Claudio Langone, executive secretary of the Environment Ministry, said in a telephone interview from Brasília: “Brazil today is losing money due to the illegal exploitation of timber. With this new dynamic of management, legal deforestation and sustainable development, we want to create barriers to predatory advancement and increase the value of the forest.”

But some here fear that increased value will bring with it the kind of violence that has struck other more-developed areas of the Amazon.

Ivonete Aparecida Paes, a Roman Catholic nun who is the coordinator of the church’s Justice and Peace Commission in this area, said, “Since none of the settlers already here have titles to their tracts, that creates the possibility of greater conflicts over land ownership.”

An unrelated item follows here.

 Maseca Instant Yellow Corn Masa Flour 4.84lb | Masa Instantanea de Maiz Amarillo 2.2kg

After much debate, it was decided that the leases would run for 30 years. But Paulo Adario, director of Greenpeace’s Amazon campaign, said that “some species need 45 years or more to regenerate,” and that loggers might thus lack an economic incentive to care properly for a tract that would no longer be theirs when the trees they replaced reached harvestable size.

Already, there are signs of logging interests establishing themselves here. A sawmill opened just down the highway in mid-2005 and was operating at full capacity during a recent visit. Along the highway itself, there is now a clearing in which logs are piled haphazardly, like giant sticks.

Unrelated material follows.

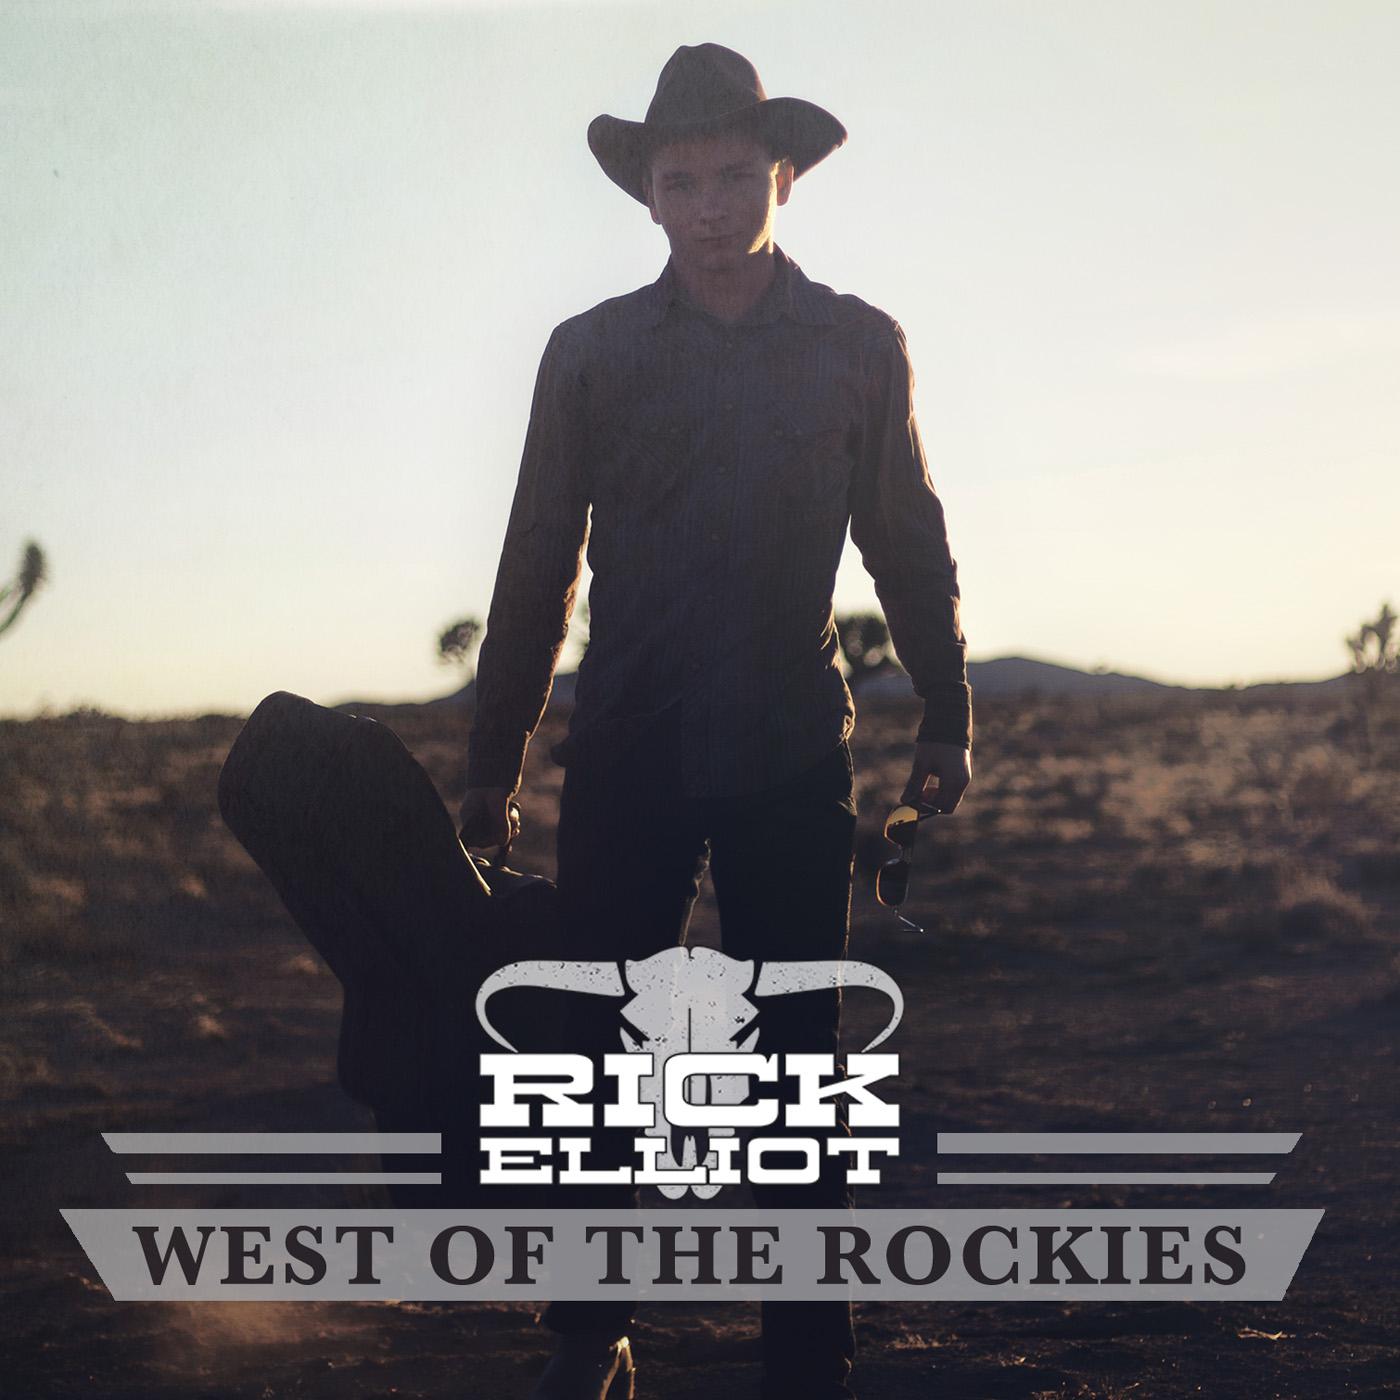 Rick Elliot Releases Debut EP, West of the Rockies

“No one has the authorization to cut so much wood, even with a forest management plan,” said Leila Mattos, the director of Pacto Amazônico, an environmental group based in Humaitá, the closest town of any size. “I came by here at the beginning of November, and none of this was here. This is more than a year’s worth of timber.”

In addition, peasant settlers unable to obtain land of their own in Rondonia, a state south of here, have also begun moving up the highway and flocking to the area. Theirs is a pre-emptive action, aimed at establishing themselves on land that may go to logging companies later and thus forcing the government to give them other homesteads in return.

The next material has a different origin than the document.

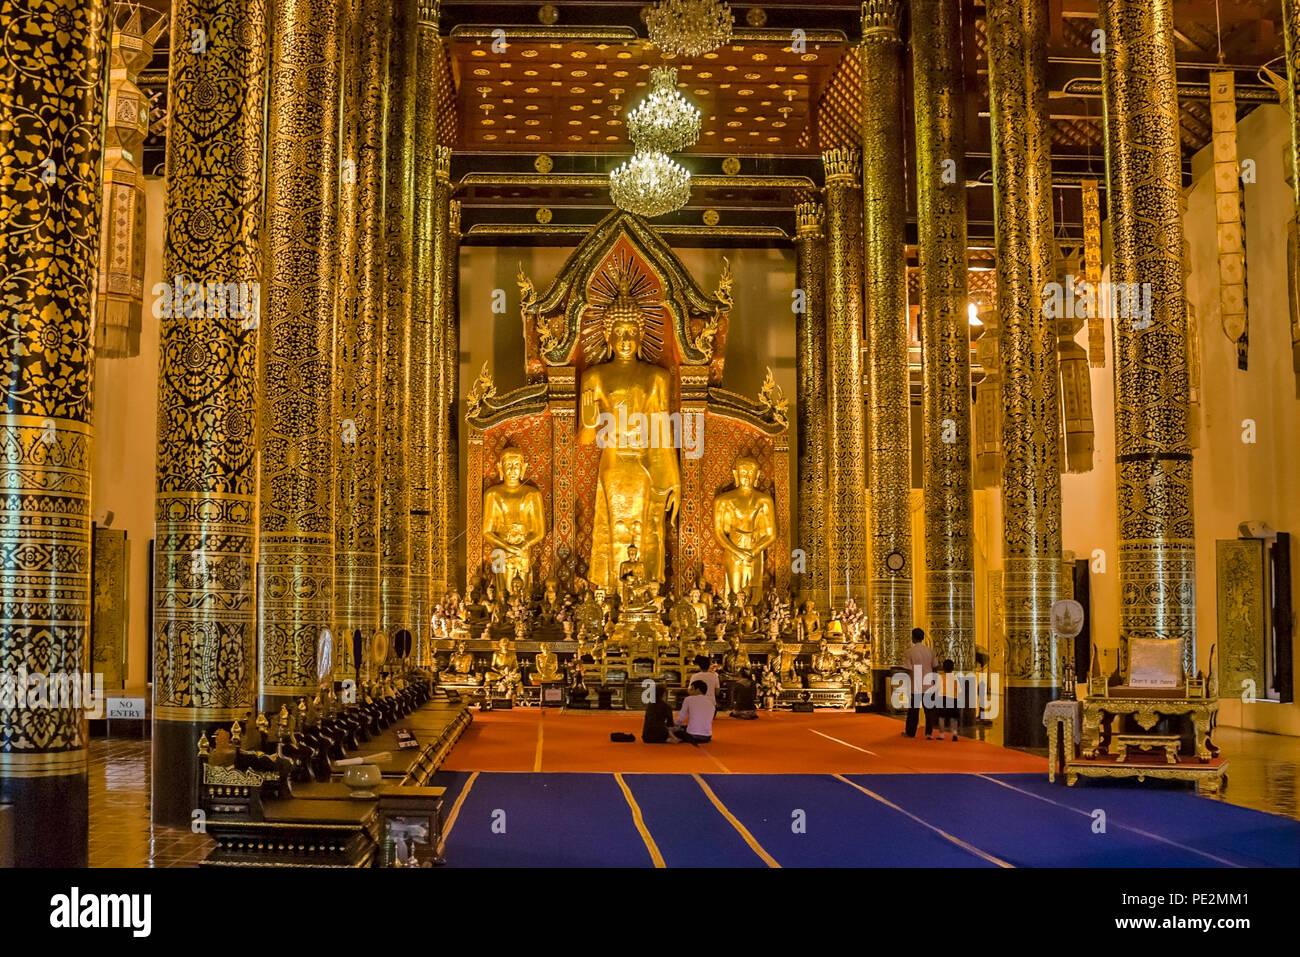 Golden Buddha im Wat Chedi Luang, Chiang Mai, Nord Thailand | Goldener Buddha im Wat Chedi Luang, Chiang Mai, Nordthailand Stockbild

During an interview in Humaitá, Francisco Araujo, the director of the regional office of the governmental environmental agency, said that no matter who ended up in charge of supervising the timber extraction plan, the task would be hard. He complained of a shortage of gasoline and personnel and a lack of police protection for his agents.

“In reality, these conservation areas were created without very precise field studies,” Mr. Araujo said. “Only now are the technicians looking at the problems in the area. The infrastructure is very precarious. There is no equipment or physical base from which to operate, just a shack in which to stay, without a telephone.”

In the absence of the needed resources, he said, government policy envisions “a new partnership with society.” But those who work most closely with the peasant settlers who are being asked to bear that burden remain skeptical.

“To think that they can monitor violations in the absence of the state is a dream,” Sister Paes said. “The Amazon has no tradition of the poor standing up to the powerful. People simply don’t know how to do that.”